After reading the article how close, or far, do you think we are from software development jobs getting automated?

4 comments

> OpenAI estimates that Codex (what powers Github’s Copilot) can already complete 37% of coding tasks.

This makes me a bit suspicious of the article.

Obviously this is just one developers experience now. I've been using Copilot for the last month, and it's an awesome bit of tech. But generally speaking, when I let it write a blob of code:

* There's a 50/50 chance it'll even compile * It's always, _always_ wrong in some way, usually in ways tricky to spot * And the tests it wrote _for it's own code_ are generally wrong too

As always, I think the bottleneck is in describing exactly what you want in a way an AI can successfully interpret it.

It’s not expensive to check for syntax correctness, so it’s matter of time till they introduce it.
My experience with DALLE-2 and Copilot makes me think we are quite far off from AI being able to perform software dev on it's own. Both tools need a lot of oversight to pick out usable pieces from the gibberish that gets spit out most of the time.
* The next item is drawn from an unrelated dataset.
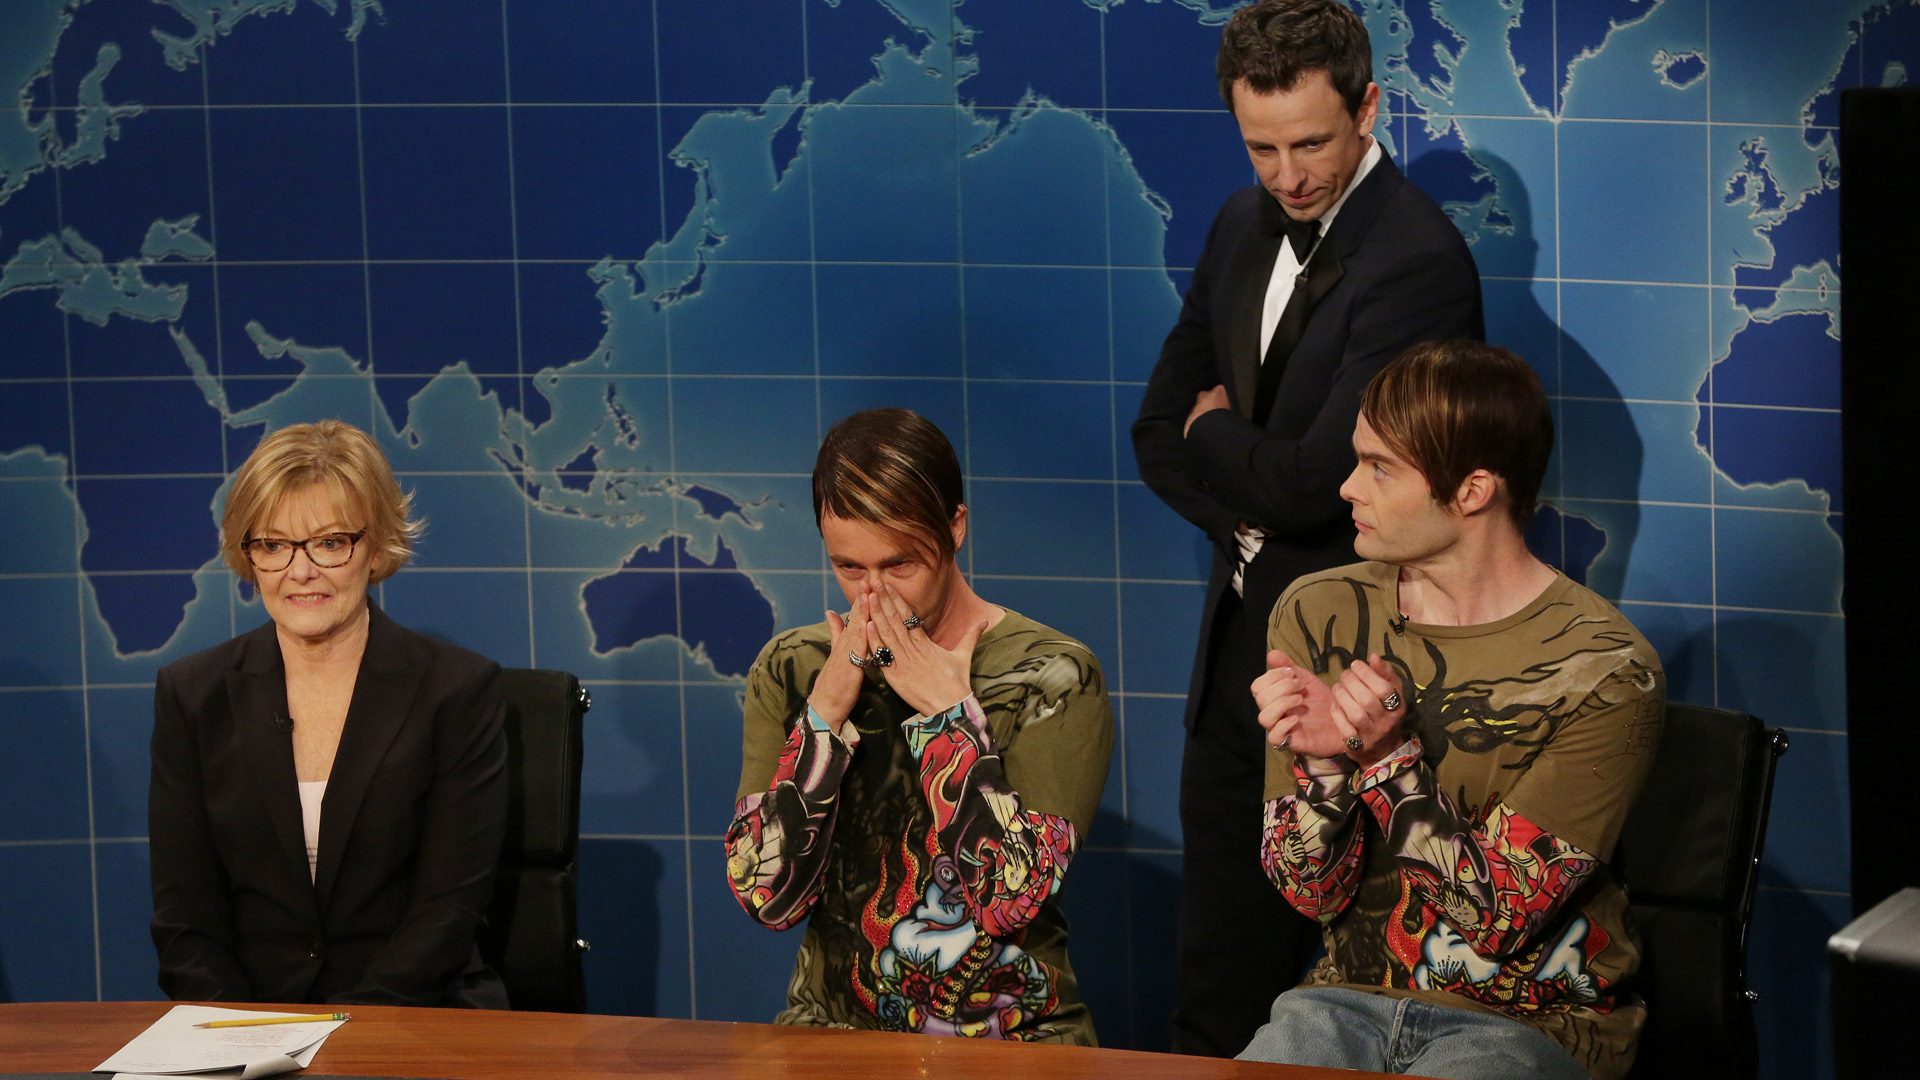 Saturday Night Live Preparing For 40th Anniversary Special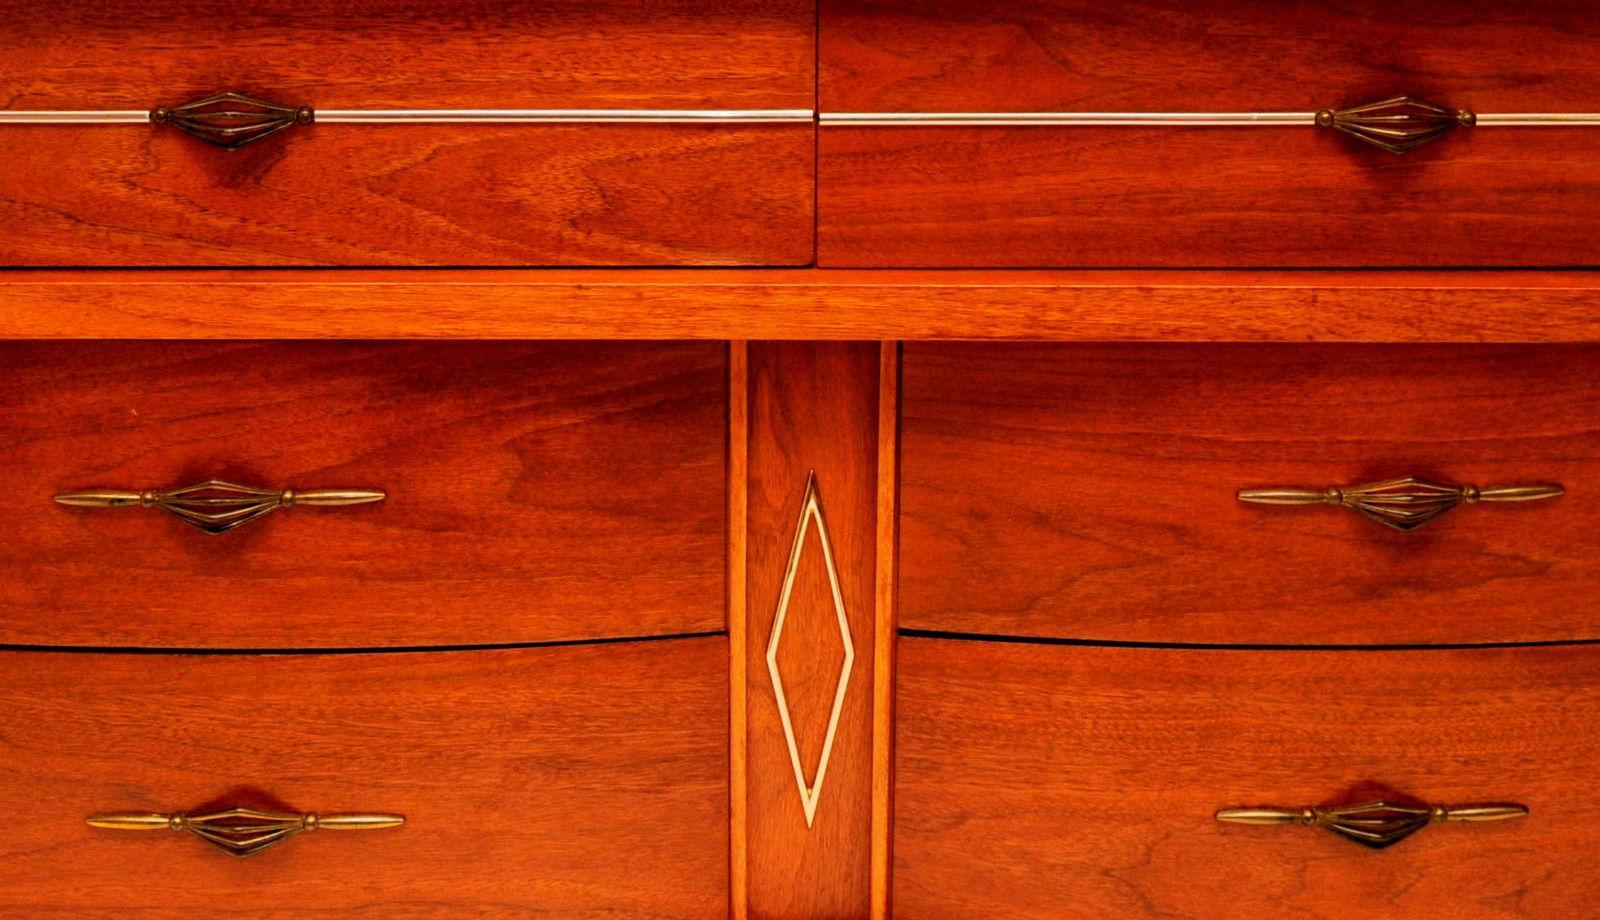 Mid Century Modern Mid Century Harmony House 6 Drawer Credenza Dresser For  Sale

That said, copilot is a great tool for generating boilerplate code, like writing a model class for a parsed JWT token or adding tedious annotations somewhere. I've used GPT-3 to generate javadoc headers for a codebase before with decent success. It gets way more fragile when there's an actual problem to be solved though, and is basically unusable about 100% of the time on complex areas of code.

From my experience, the real result will be that AI might replace interns and some people who are only doing the tedious data modeling parts of coding, but there's a very, very long way to go before it will be able to be more than just a tool for developers to code slightly faster.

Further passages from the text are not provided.